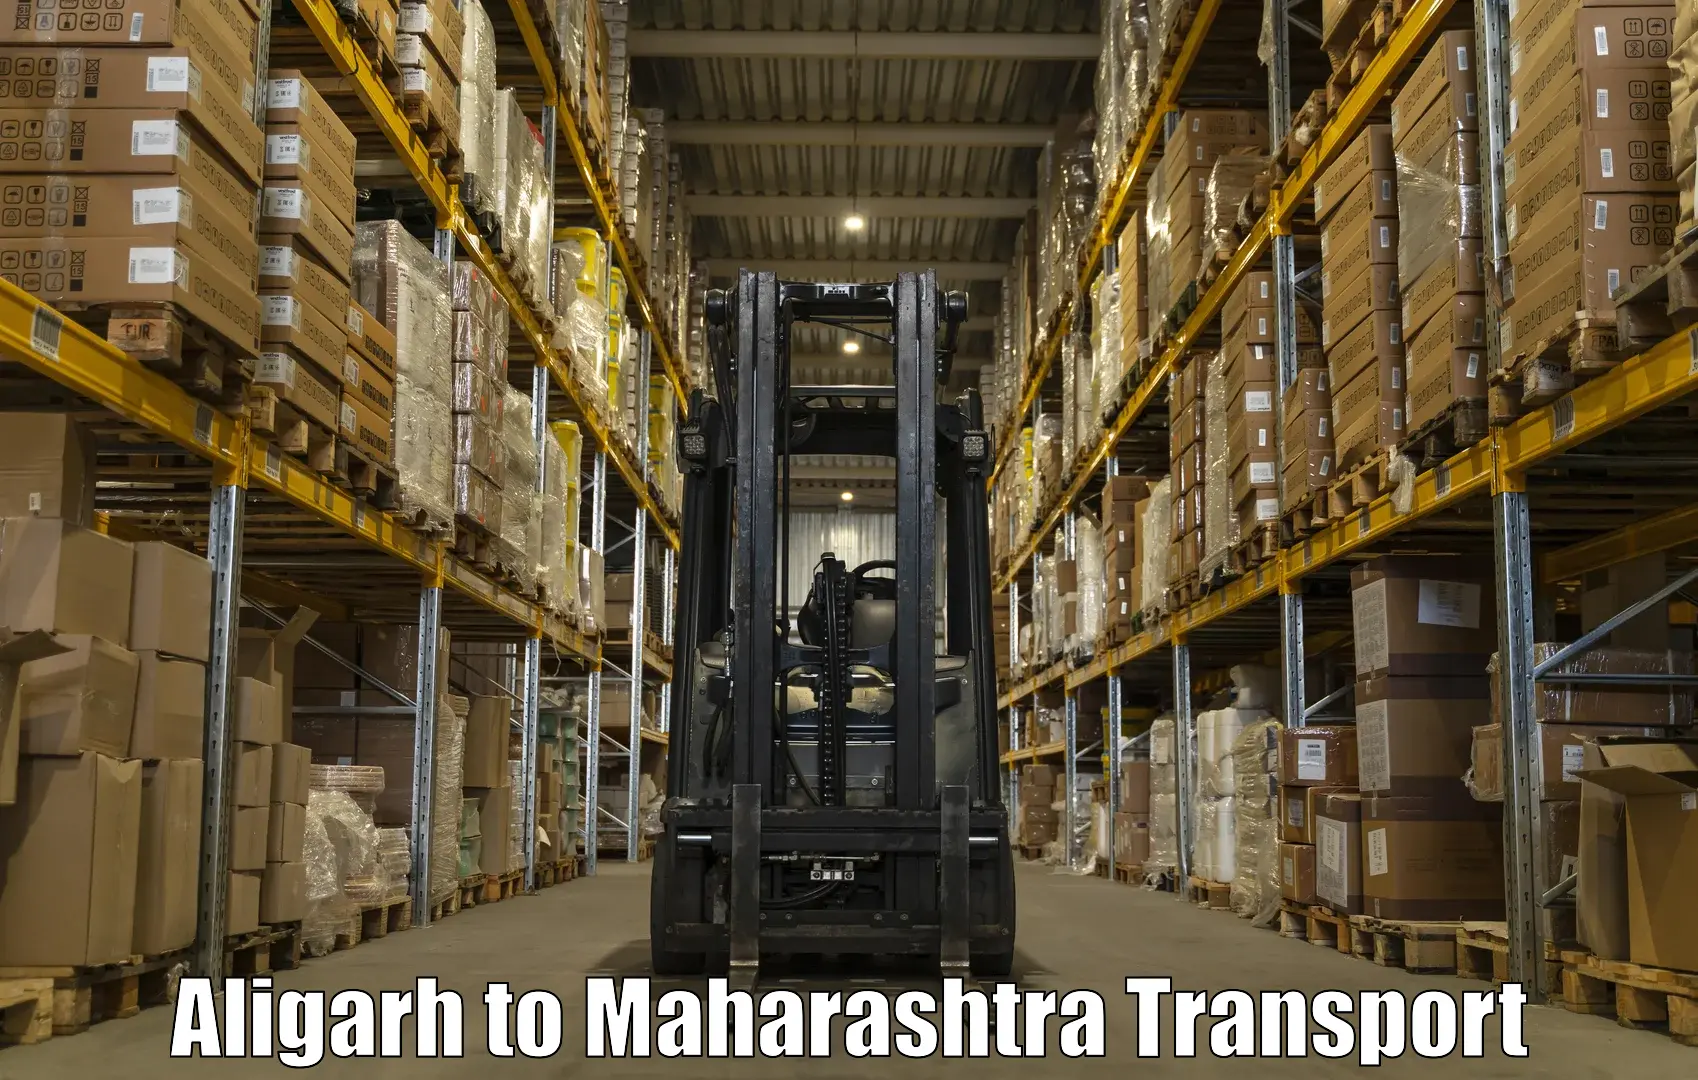 Truck transport companies in India Aligarh to Worli
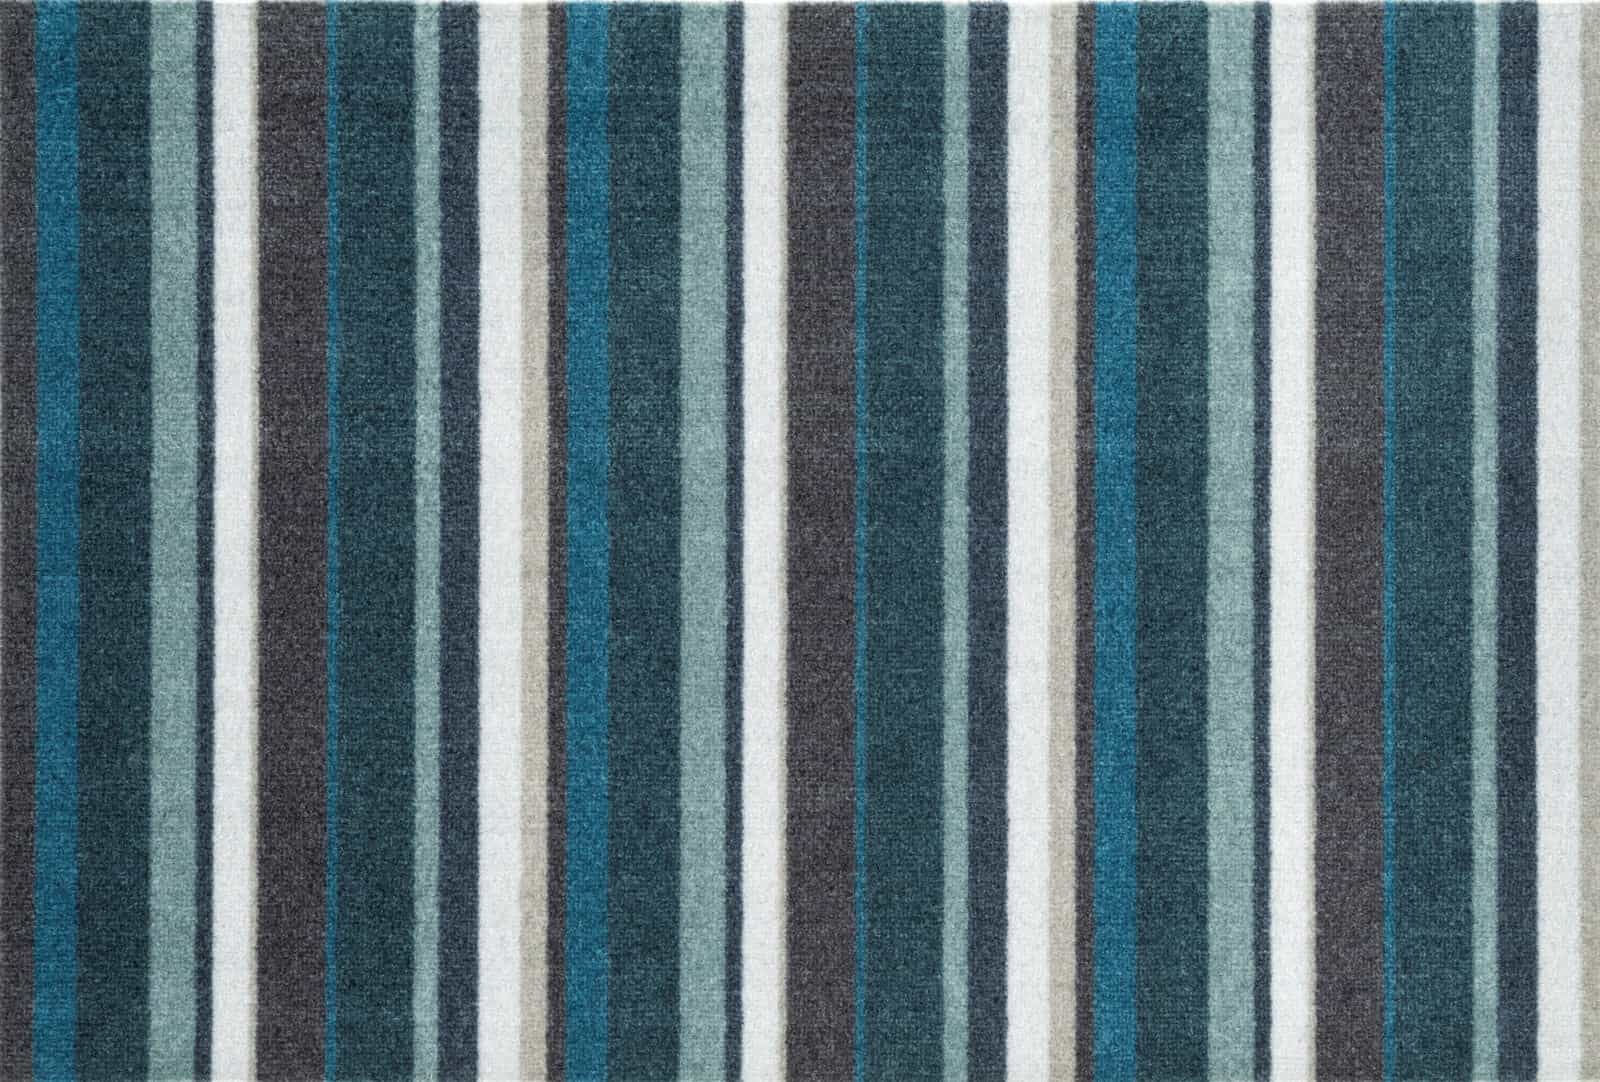 Dandy Likewise Washamat RECYLON Teal Stripe Mat 120 x 67cm
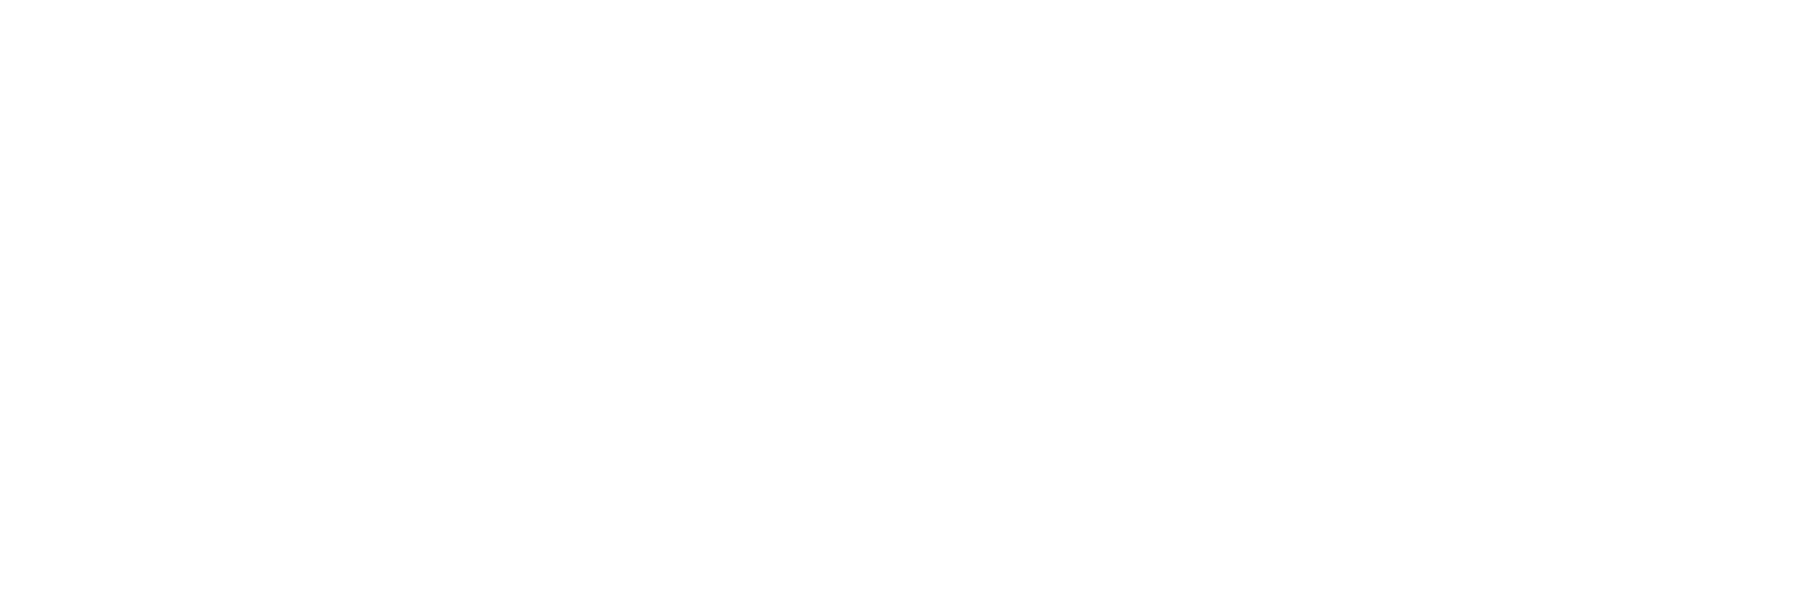 Iota Logo - EL PRÓXIMO BITCOIN? ECHE UN VISTAZO A IOTA | Iota Feed
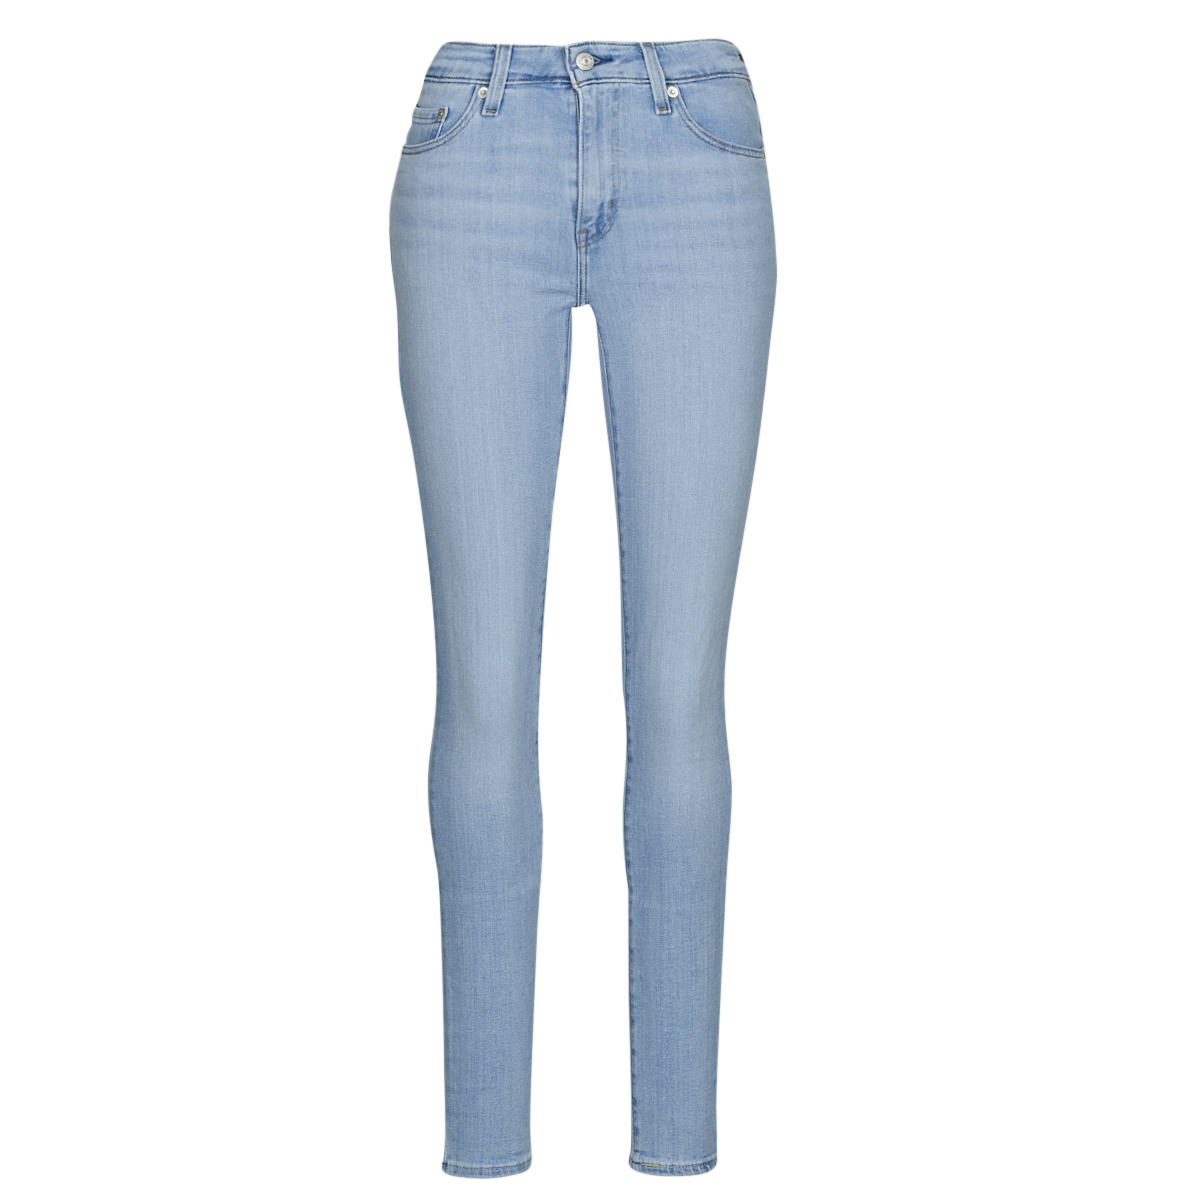 Skinny Jeans Levis  721 HIGH RISE SKINNY
= = = = =
◆ **Required action**
Repeat the material verbatim but without any of its pictures.

◆ **Finished exercise**
 Truck transport companies in India Aligarh to Worli
 Dandy Likewise Washamat RECYLON Teal Stripe Mat 120 x 67cm
 Iota Logo - EL PRÓXIMO BITCOIN? ECHE UN VISTAZO A IOTA | Iota Feed
 Skinny Jeans Levis  721 HIGH RISE SKINNY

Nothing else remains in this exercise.